• Work order
Starting at the line containing "Dieses Paar wunderschöner" and ending at the line containing "Die Stücke sind", print every line of the material below exactly, both ends included, and stop there.

• Data
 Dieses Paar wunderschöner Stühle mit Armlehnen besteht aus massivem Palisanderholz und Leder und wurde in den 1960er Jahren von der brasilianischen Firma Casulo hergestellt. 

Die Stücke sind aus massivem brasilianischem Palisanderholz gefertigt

* * *

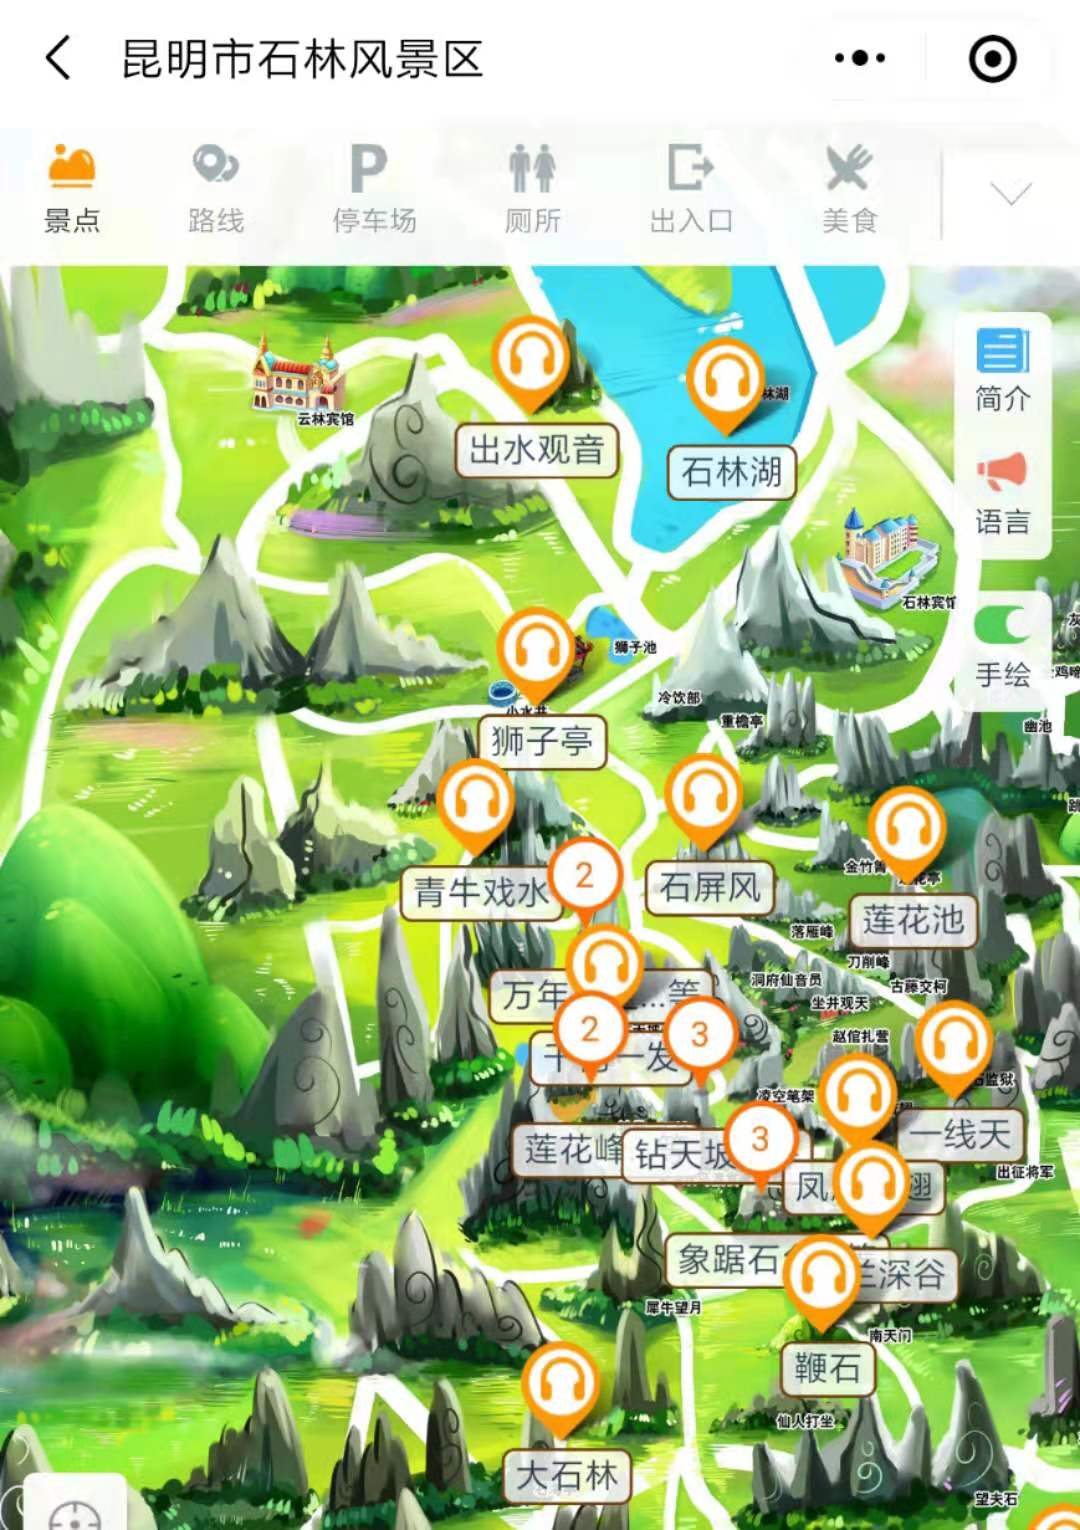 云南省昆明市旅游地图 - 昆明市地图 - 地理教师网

• Answer area
 Dieses Paar wunderschöner Stühle mit Armlehnen besteht aus massivem Palisanderholz und Leder und wurde in den 1960er Jahren von der brasilianischen Firma Casulo hergestellt. 

Die Stücke sind aus massivem brasilianischem Palisanderholz gefertigt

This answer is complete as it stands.